Also ein Legenden-Meeting bei Tropical Music? In jedem Fall ein sehr lebendiges, für das das 66-köpfige NDR Pops Orchestra einen wunderbar zarten und unaufdringlichen Teppich ausbreitet. Esther Ofarim schwebt auf ihm, reiht über Genres und Schubladen hinweg ein hebräisches Wiegenlied an Kurt Weill, Paul McCartney und Mendelssohn-Bartholdy.
Zwei Namen - ein Orchester: Hinter dem
Namen NDR Pops Orchestra verbirgt sich die NDR Radiophilharmonie, einer der
renommiertesten Klangkörper der deutschen Orchesterlandschaft.

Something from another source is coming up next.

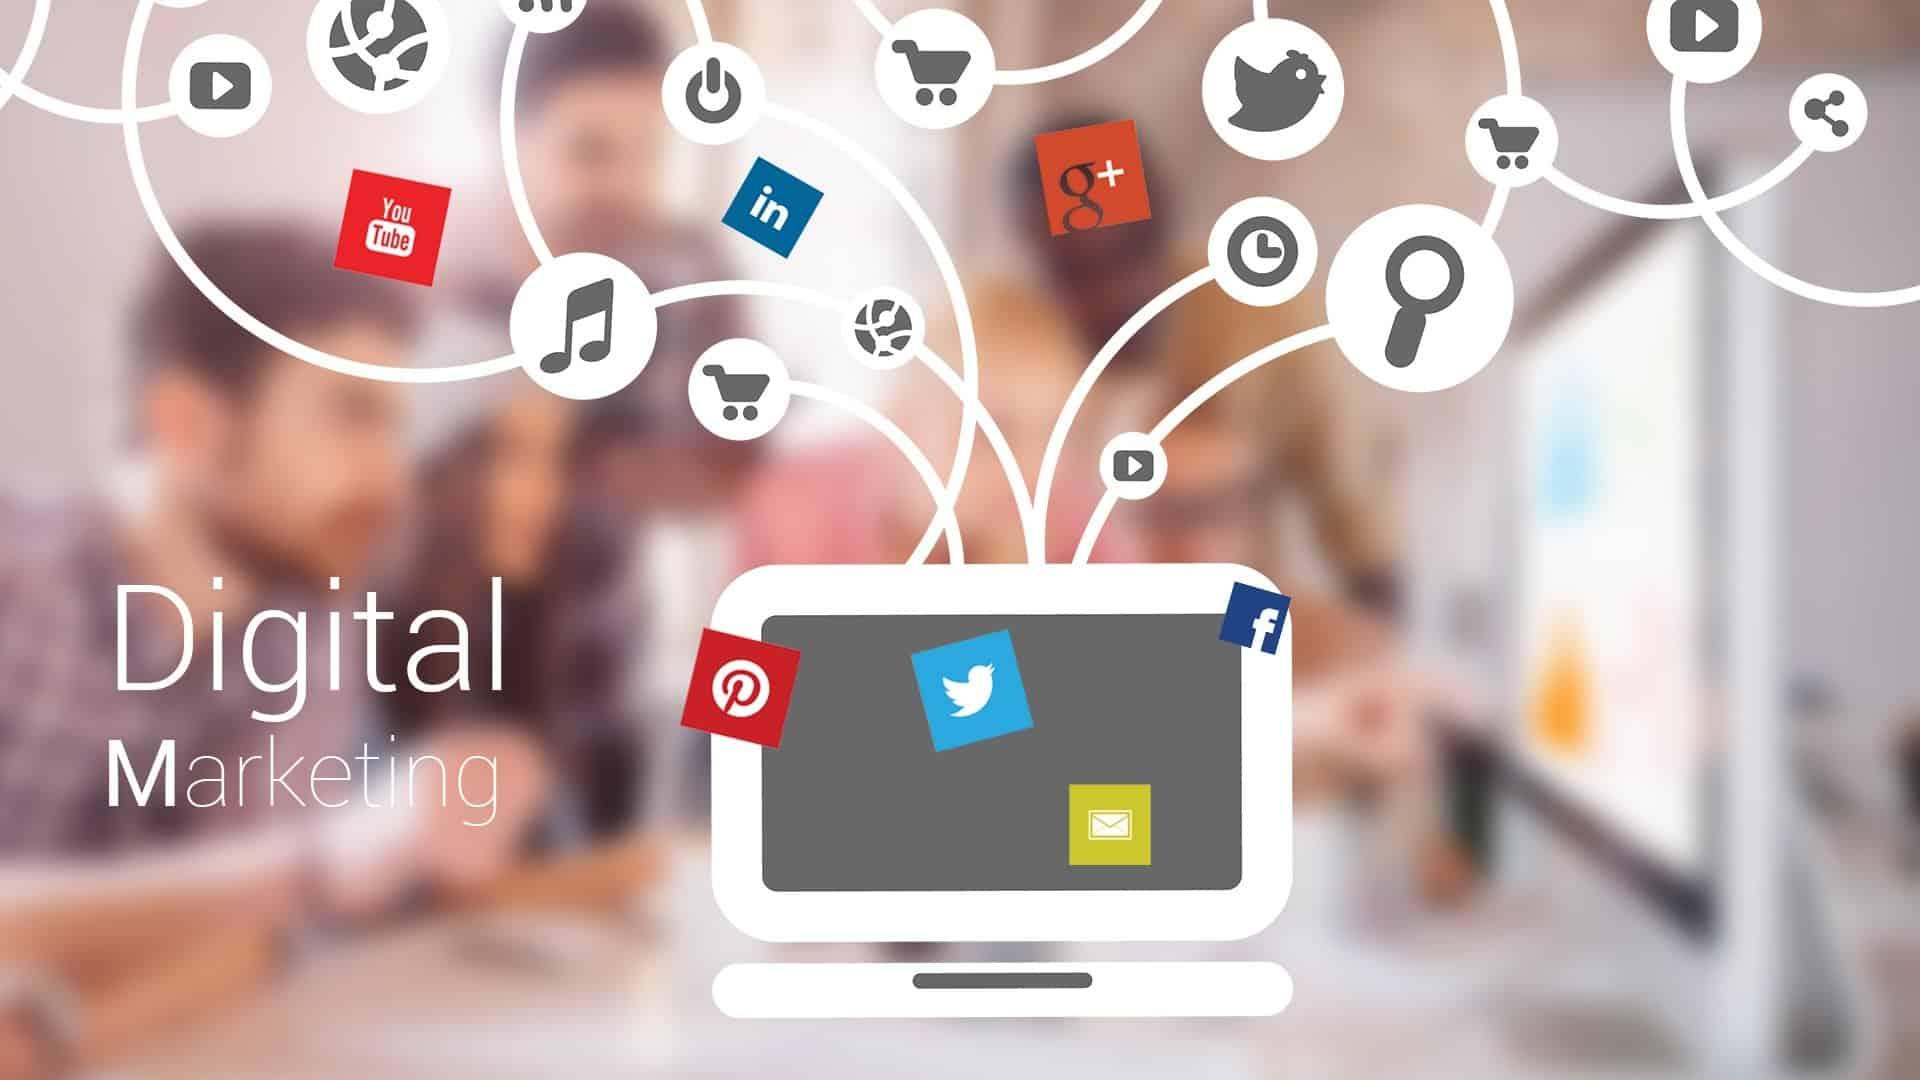 كيفية تحسين عملية التسويق الرقمي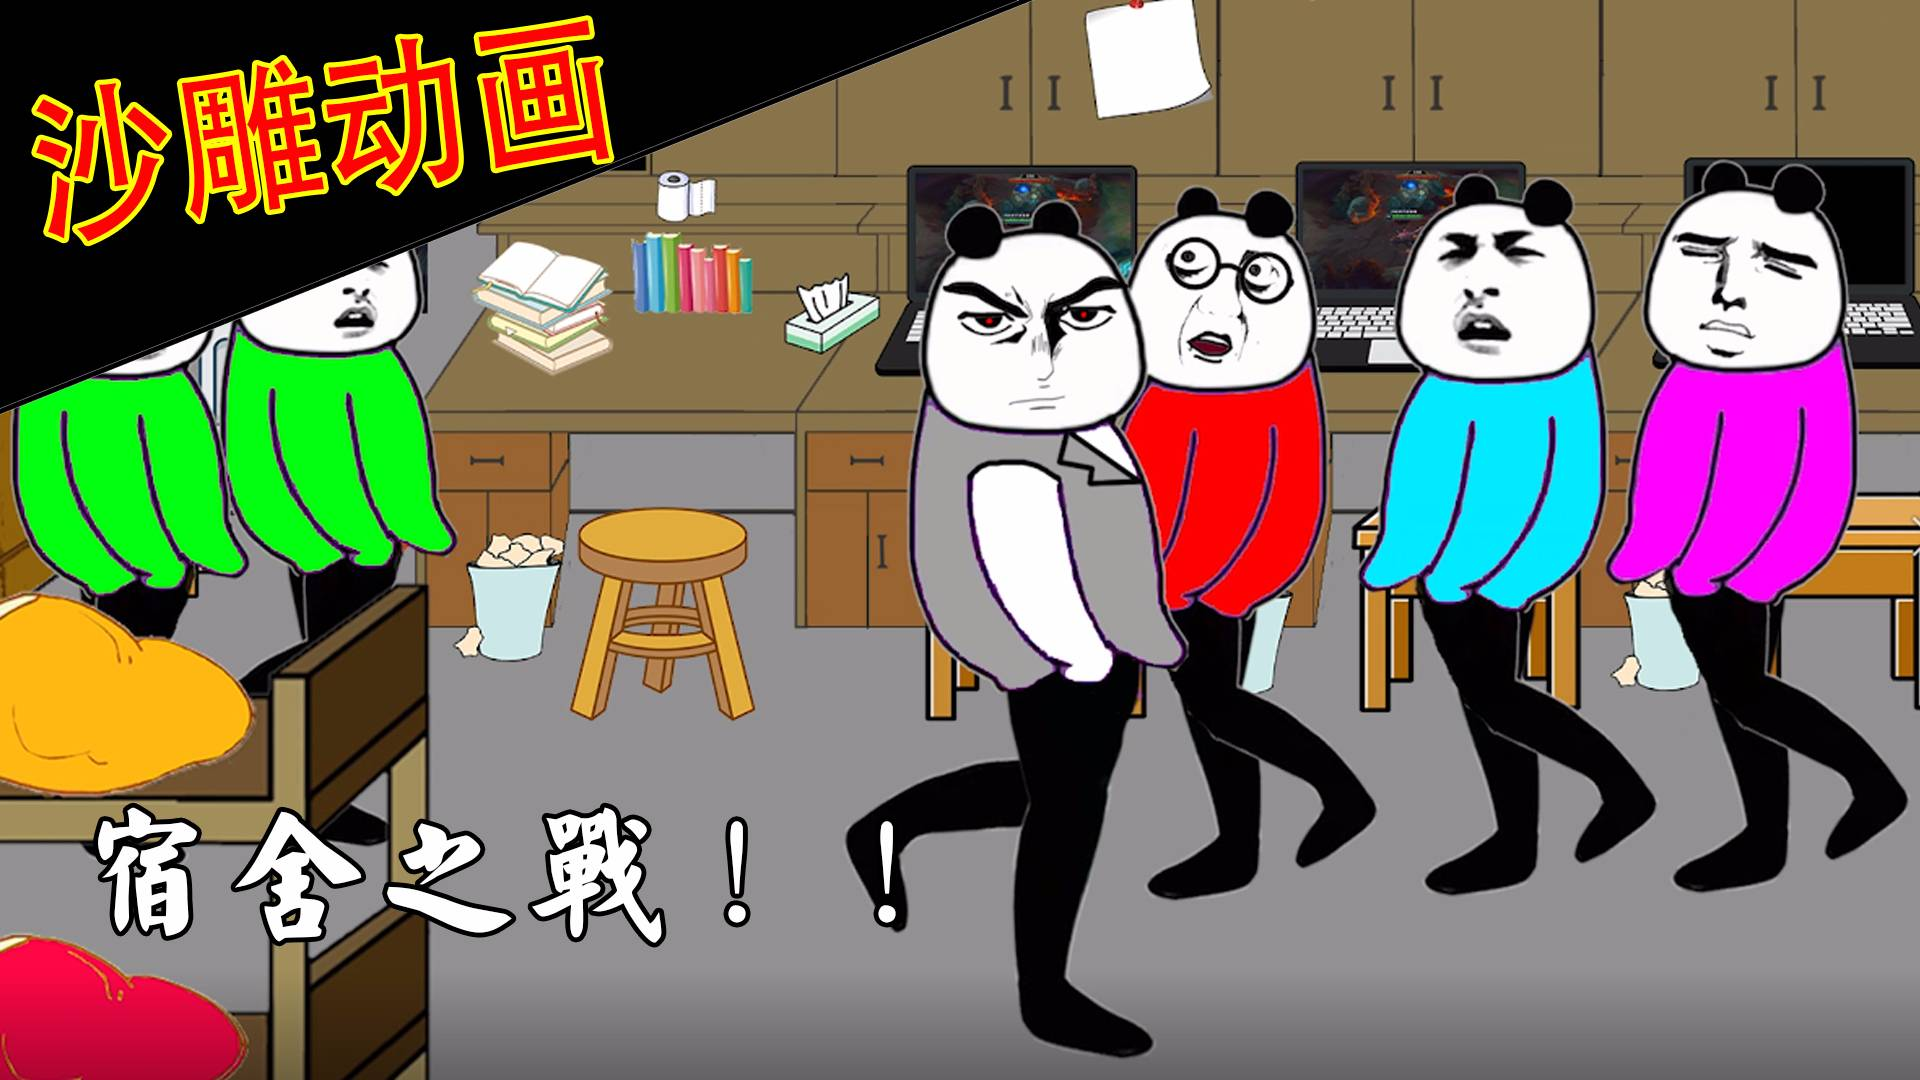 【宿舍争爸】当代学生寝室查宿舍之战!

Dieses in Hannover ansässige Orchester, das im Mai 2000 sein 50-jähriges Jubiläum
feierte, ist seit Jahrzehnten für sein umfangreiches Repertoire bekannt, das
von der großen sinfonischen Literatur über die sogenannte
"U-Musik" (Musical, Filmmusik, Operette etc.) bis hin zur zeitgenössischen
Musik reicht. Darüber hinaus streift es immer wieder die Bereiche des Jazz und
der Popmusik.
Unter dem Namen NDR Pops Orchestra ist das Orchester seit 1998 immer dann zu hören,
wenn es in den Crossover-Bereich geht und mit Stars der internationalen Pop- und
Rockszene zusammentrifft.
Ganz nach amerikanischem Vorbild - man denke z. B. an das Boston Symphony
Orchestra, das sich zudem als Boston Pops einen Namen machte - ist das NDR Pops
Orchestra eines der wenigen Orchester dieser Art in Europa. Es arbeitete u.a.

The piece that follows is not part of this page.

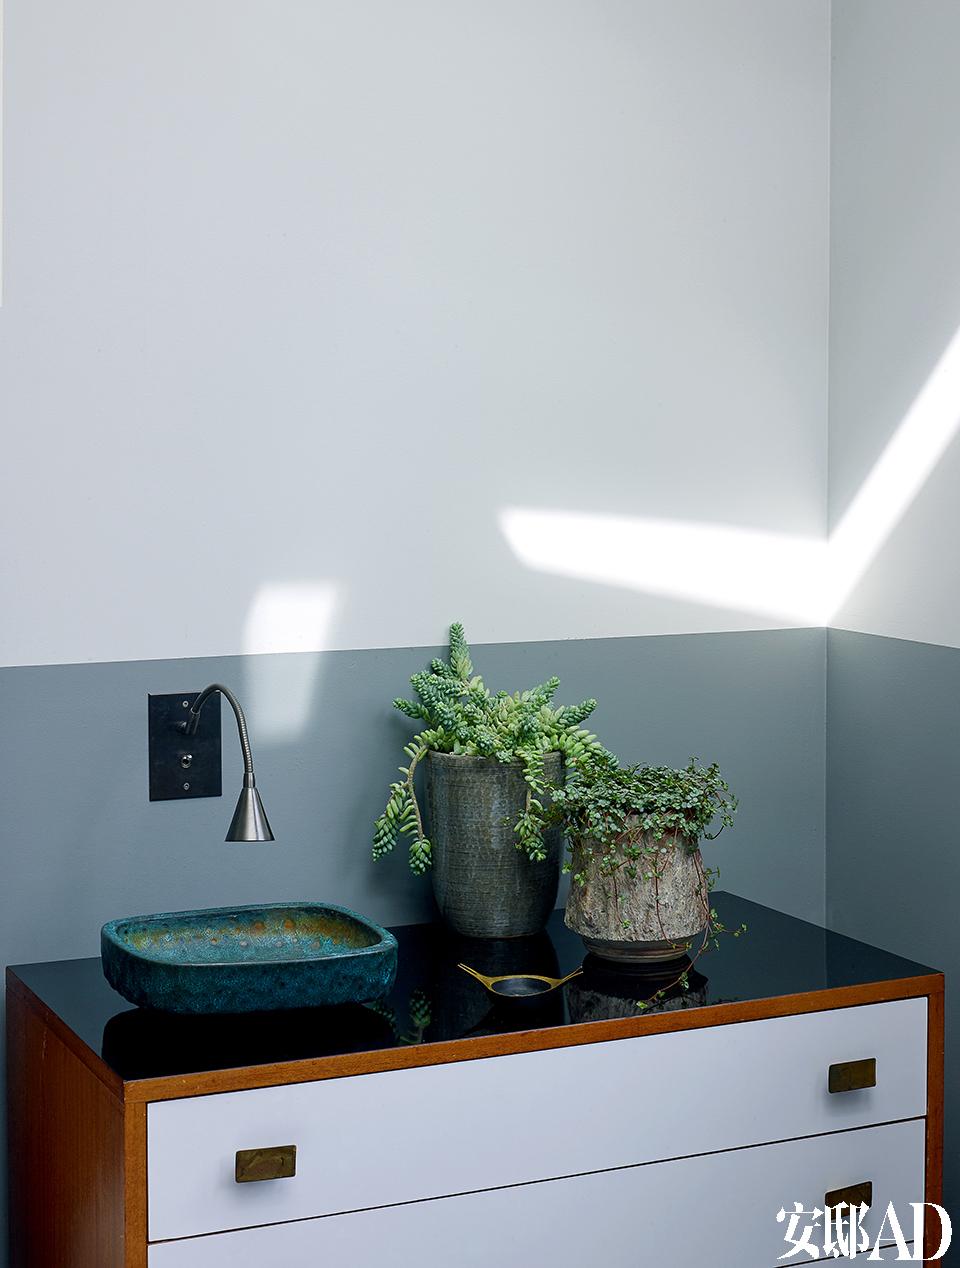 床头抽屉柜上的铜绿储物小缸是以现代风格著称的奥地利设计师、画家Carl Aubock的作品。墙上的小壁灯由业界公认的全球最 美铜开关板制造商、法国品牌Meljac出品。

mit Al Jarreau, Patricia Kaas, Herbert Grönemeyer, Bobby McFerrin und Al
Jarreau, Ray Charles und Randy Crawford sowie mit Lionel Richie und Xavier
Naidoo.
Wie bei allen Konzerten
der letzten Jahre war Esthers musikalischer Leiter Yoni Rechter aus Israel als
Pianist und Arrangeur der meisten Lieder mit auf der Bühne.
Auf Esther Ofarims
zahlreichen Fan-Internetseiten führen die Fans ihrer ‚Jahrhundertstimme’

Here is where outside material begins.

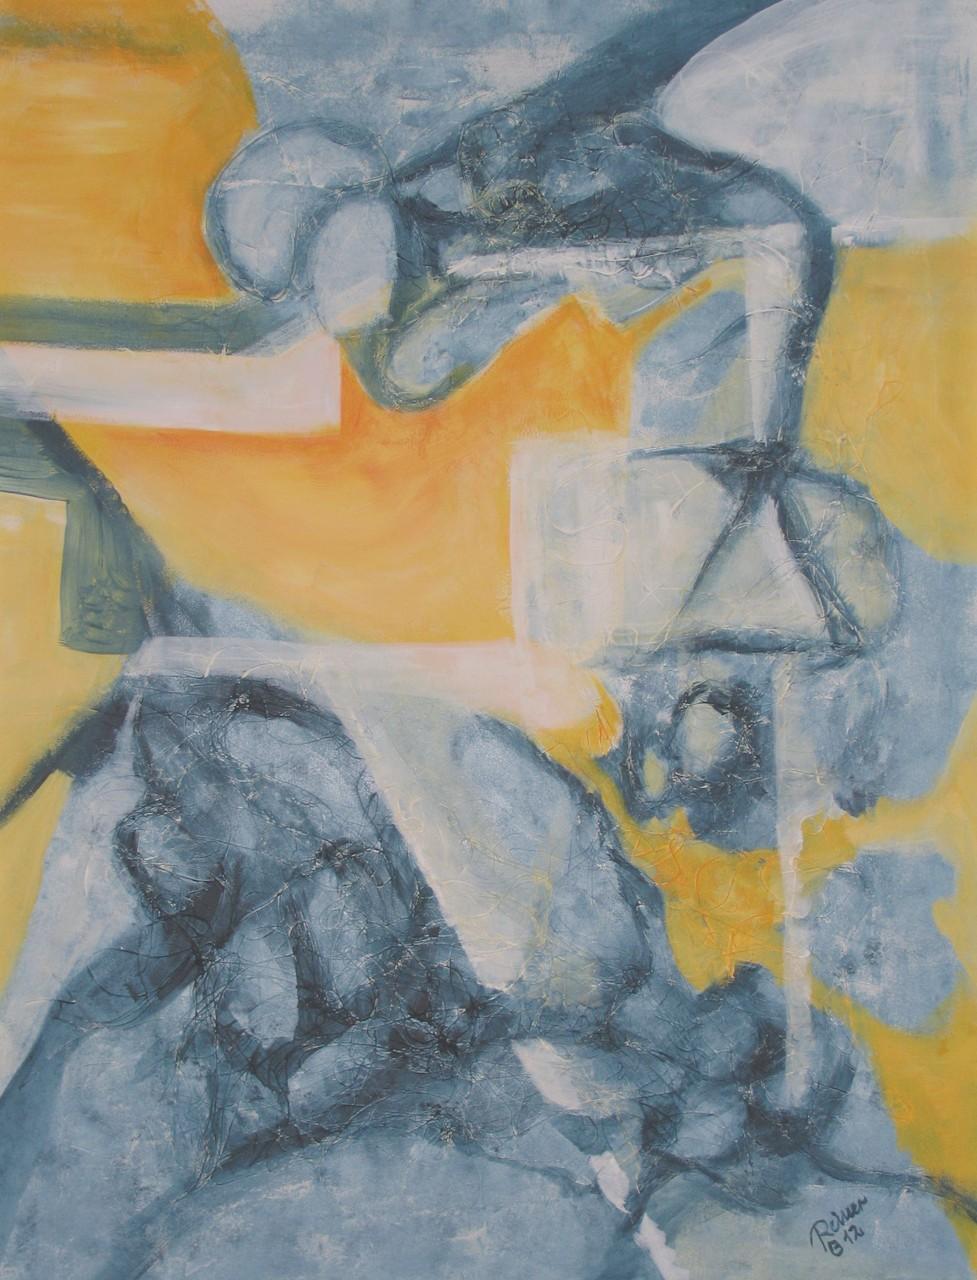 Der Sprung, Acryl, Kunstfaser auf Holz, 70 x 50 cm

akribisch Buch über ihre Lieder, Konzerte und Aufnahmen. Sie werden sich
freuen: ihren großen Hit „Morning of my
Life“ hatte sie zum letzten Mal 1969 gesungen. In Hannover sang sie ihn
wieder, überredet und nach anfänglichen Widerständen. Es bleibt die vorerst
einzige Reminiszenz an die sechziger Jahre in einem zeitlosen, aber nicht der
Zeit entrückten Programm. Dieter Bartetzko, dessen FAZ-Kritik den Anstoß für
diese CD gegeben hatte, schrieb: „Eine
Mondwanderin hat das Publikum am Ende dieses Konzerts erlebt. Natürlich war man
auch gekommen, um nach langer Zeit jener Sängerin wieder zu begegnen, die in
den sechziger Jahren die Bundesrepublik regelrecht verzaubert hatte. Ihr
Charisma, das damals Schreiber zu schwärmerischen Formeln wie "junge
Cleopatra", "Spatz von Haifa" oder "Rehkitz" verführte,
ist nahezu unverändert. Eine zarte Frau steht auf der Bühne, großäugig noch
immer, und noch immer so verhalten wie einst. Kaum eine Bewegung, wenig Conference,
ab und dann ein Lächeln. Was sofort in Bann zieht, ist die Stimme, biegsam, zu
hauchzartem Flüstern ebenso fähig wie zum gutturalen Schrei, zu Stahl werdend
oder zu Seide. Damit lebt jedes Lied auf, so sehr, dass sich die Sängerin
schließlich doch mittels Gestik und Mimik in die Gestalten verwandelt, die sie
besingt. Und das sind unendlich viele: glücklich und verzweifelt Liebende, Kämpferinnen,
Zaghafte, Sirenen, Trampel, Hexen, Straßenmädchen, Tippsen und Diven. Aber
alle werden sie schließlich, was Esther Ofarim für ihre Zuhörer ist - eine
Mondwanderin zwischen den Zeiten und Welten.“
Die internationale Karriere der Esther Ofarim hatte vor vielen Jahren begonnen. Sie ist noch lange nicht zu Ende. Zunächst einmal ist sie „Back on stage“. Mal sehen, was noch kommt.